Activist hackers battle ISIS in cyberspace

Islamic State of Iraq and Syria (ISIS) sympathizers using social media to spread propaganda and recruit fighters are now drawing an increasing amount of return fire from activists who have been knocking some sites offline and infiltrating others.

The loose hacking collective Anonymous is the latest to draw attention to such campaigns, with members claiming credit this week for having thousands of pro-ISIS Twitter accounts disabled.

But others claim to have been doing more for longer. One group that feeds information to the U.S. government says it has suppressed tens of thousands of Twitter accounts since January, and its members have posed as would-be recruits to gain information on so-called Dark Web operations supporting the ISIS.

“We’re playing more of an intelligence role,” said the executive director of Ghost Security Group, who declined to be named, citing security concerns. The group is a volunteer organization that has been sending data to the FBI and other agencies via a Congressional terrorism adviser, Michael S. Smith II.

Smith said the group’s infiltration efforts had given some actionable information to the government, and that coordinated complaints to Twitter had helped push ISIS supporters elsewhere.

U.S. agencies “appreciate the outside support. I have constant feedback to that,” Smith said. Retired Gen. David Petraeus recently told Foreign Policy he had reviewed Smith’s data and saw how it “would be of considerable value to those engaged in counter-terrorism initiatives.”

The FBI declined to comment.

Smith, chief operating officer of defense contractor Kronos Advisory, said Ghost Security Group contacted him in June and provided screenshots of internal communications about an impending attack in Tunisia, which he said he passed along and which helped break up a militant cell in time.

The Paris attacks on Friday have brought an increase in online activity against the jihadists, but freelance efforts to counter the group online remain fraught with hazards.

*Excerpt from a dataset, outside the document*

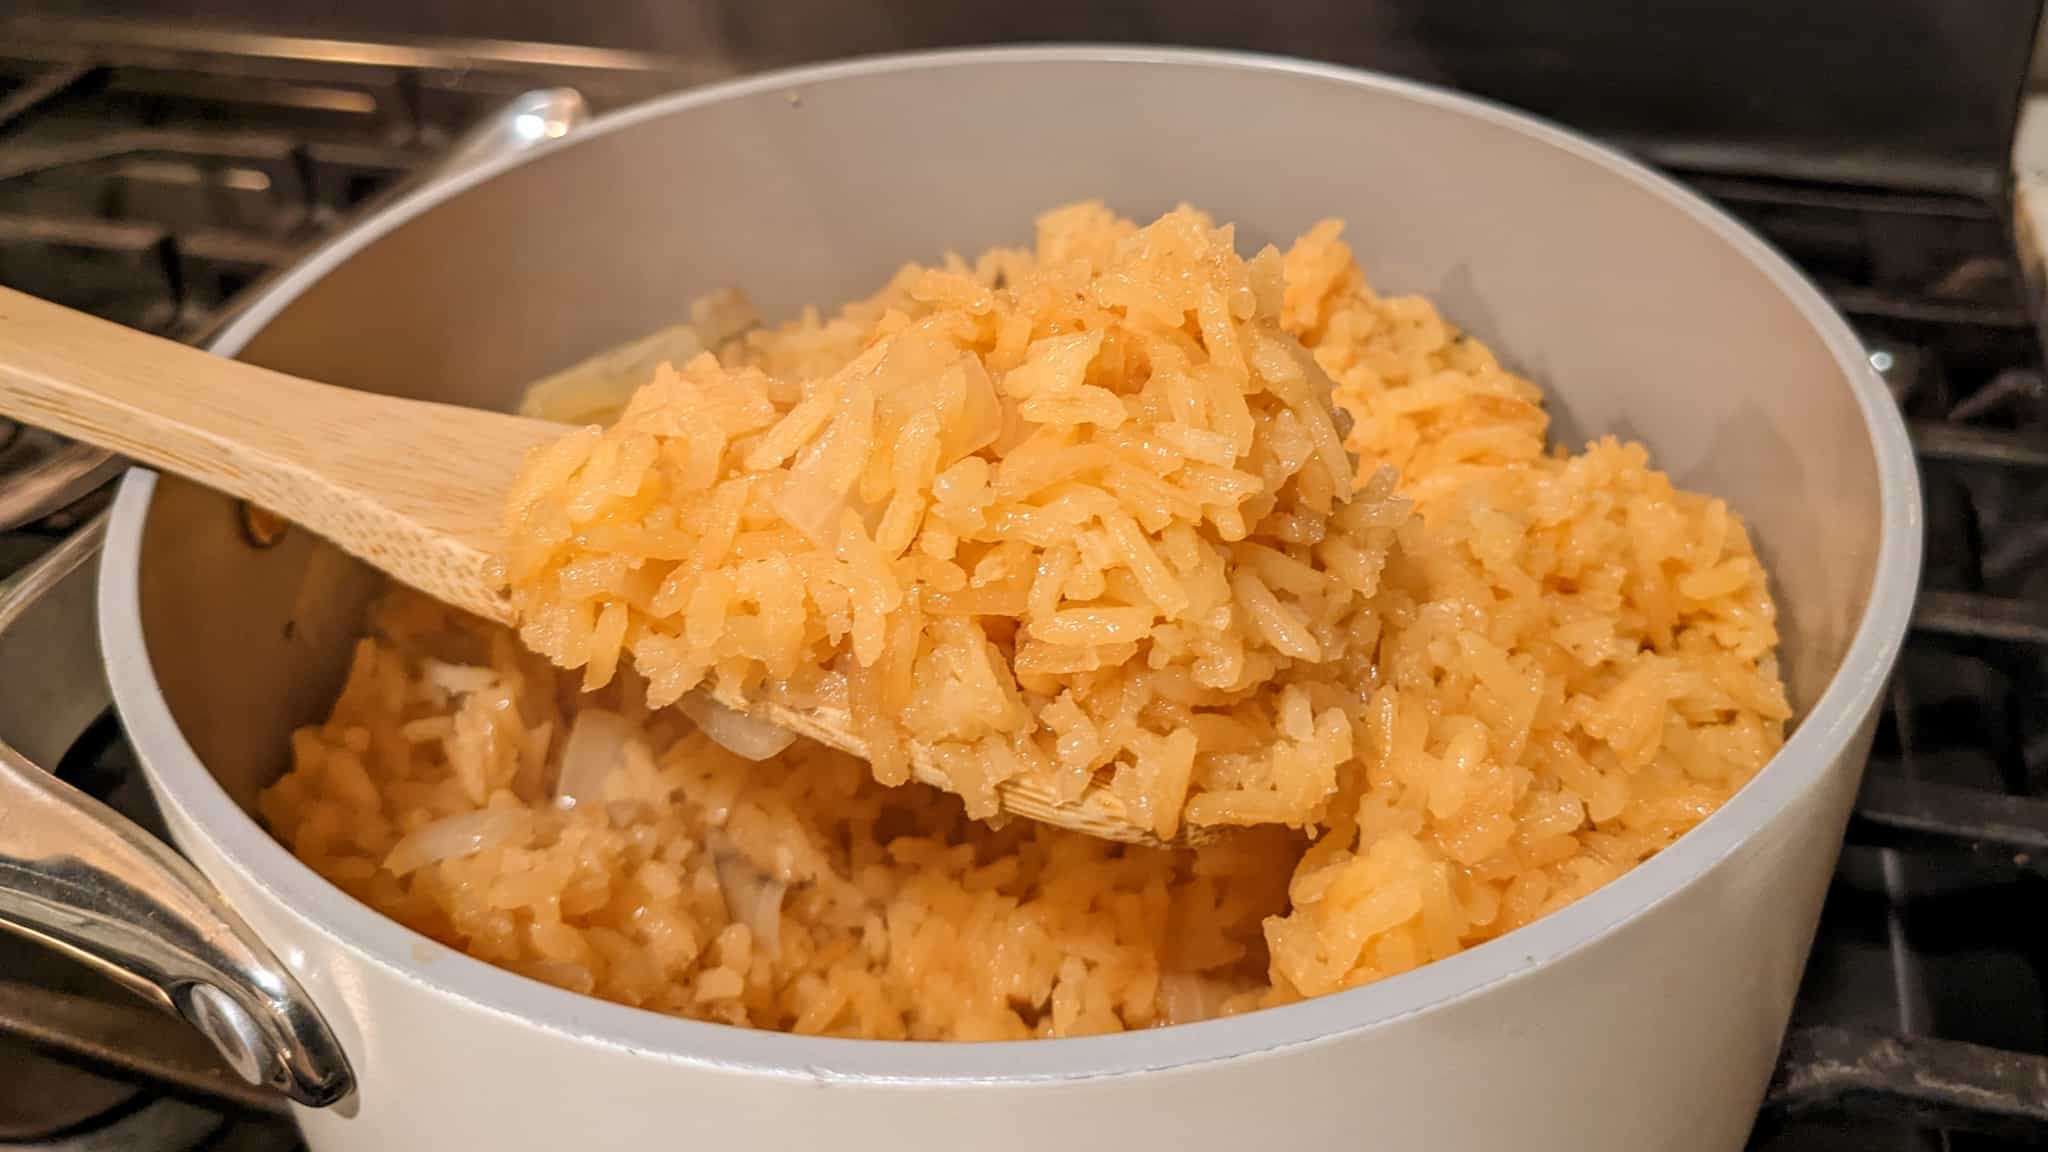 pot with orange tinted rice
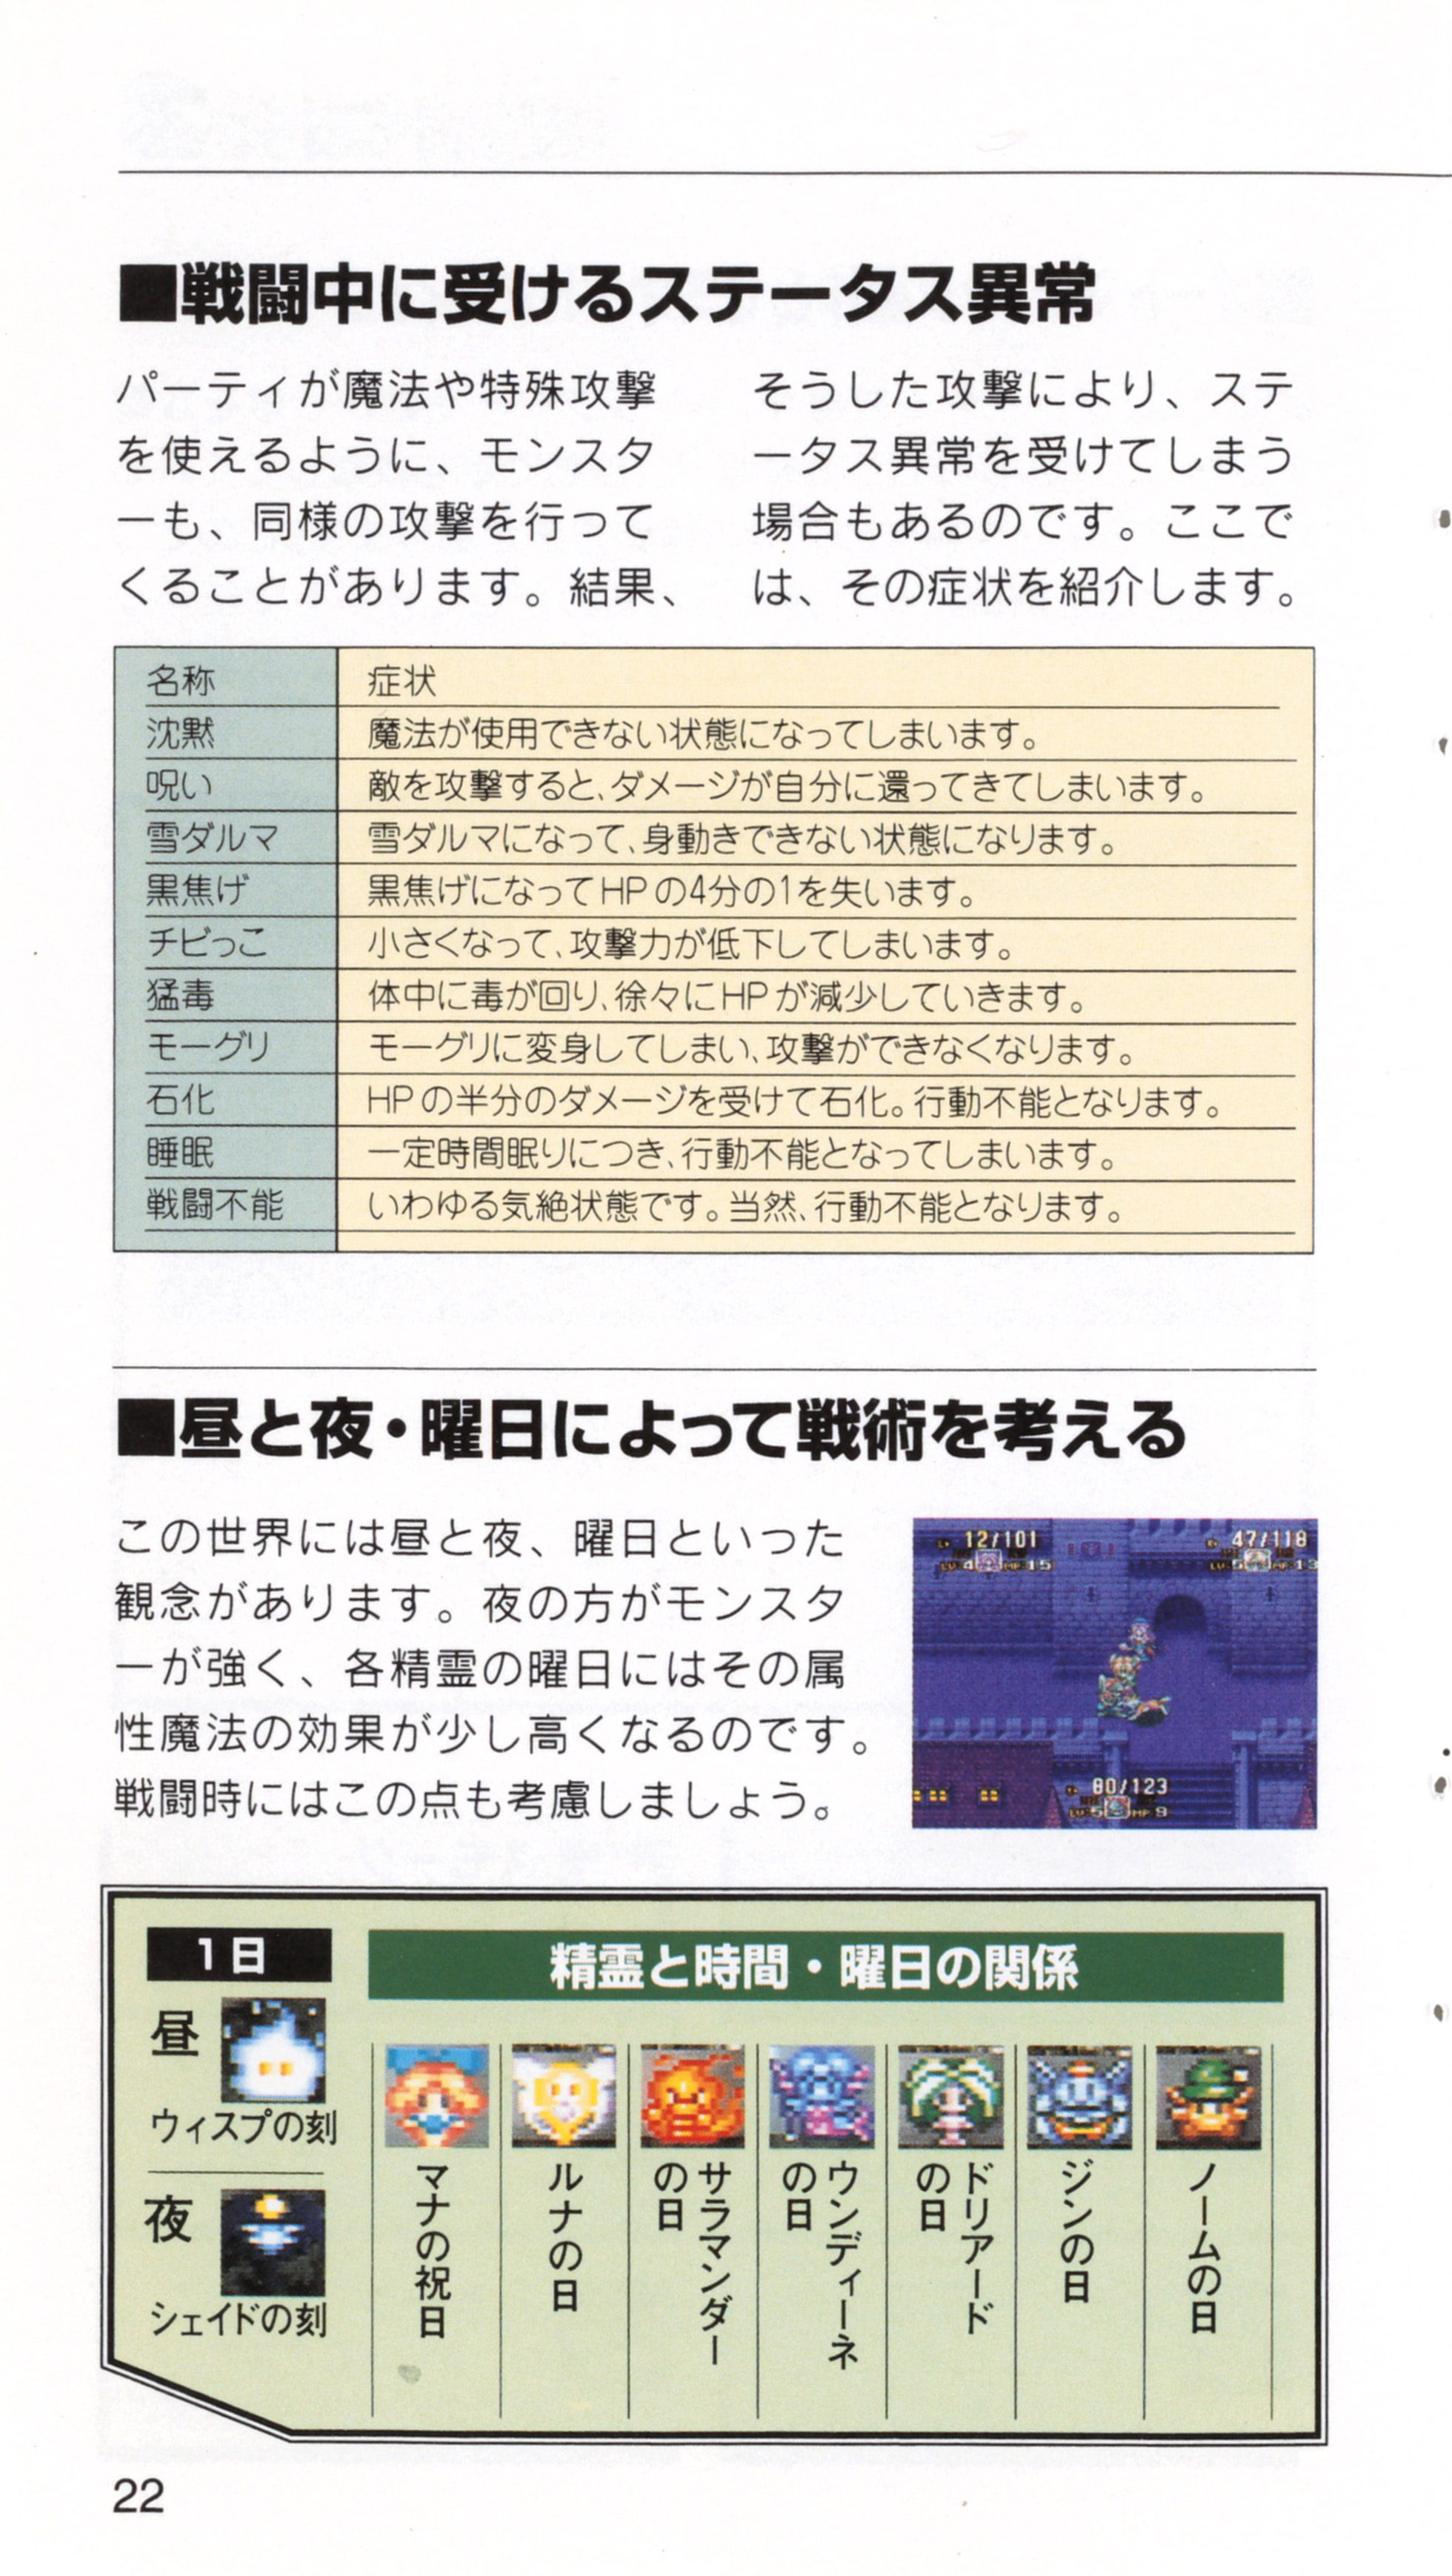 Seiken Densetsu 3 Shvc A3dj Super Famicom Box Cart Manual Scans 1600dpi Squaresoft Free Download Borrow And Streaming Internet Archive

Civilian hacking and denial-of-service attacks, which overwhelm a website or other outlet with meaningless traffic, are illegal no matter what the target. The most sophisticated and potentially helpful efforts - including impersonating a recruit - run the greatest risk of complicating official efforts by the U.S. or allied governments.

Retired U.S. Gen. Mike Hayden, former head of the National Security Agency and the Central Intelligence Agency, when asked whether such agencies appreciate the activities of organizations such as Ghost Security Group, said: “Officially, no. But U.S. law and policy are so constraining, I am sure the folks currently in government take secret pleasure in it, as I do.”

The easiest thing for volunteers to do is complain to Twitter, Google‘s YouTube and Facebook Inc. about accounts supporting terrorism. All three have gotten more responsive in the past year, activists said, although all declined to discuss details on the record.

Facebook this year banned any praise of “terrorist” groups on its site. YouTube now acts to take down violent videos within hours, Ghost Security Group said.

At Twitter, Ghost Security Group and an affiliate now circulate lists of problem accounts. Ordinary users who see those lists can then complain about those accounts, getting them suspended more quickly than if the groups were acting alone.

“More accounts are being taken down,” said J.M. Berger, a Brookings Institution expert on ISIS. “I do think the majority of the reporting is being done by groups like Anonymous and Ghost Security. But there are other initiatives, including the Counter Extremism Project and the Sawab Center, which are contributing to reporting efforts.”

Berger said the efforts were helping to keep the ISIS’s Twitter audience “about flat, which I think is positive.”

The pressure on Twitter is one reason that ISIS has moved a lot of its broadcast communication to Telegram, which opened a “channels” service that lets a participant reach thousands of viewers, Berger and other security experts said.

The Ghost Security Group leader, who uses the moniker DigitaShadow, said that his group was still gathering information on Telegram.

In other cases, he said websites were taken down after his group’s researchers notified the hosting provider. In a few cases, the group arranged denial-of-service attacks.

But he said the guidance coming back to him through Smith was generally away from such brute-force methods.

“We’ve backed down from denial-of-service and moved toward intelligence collection,” he said.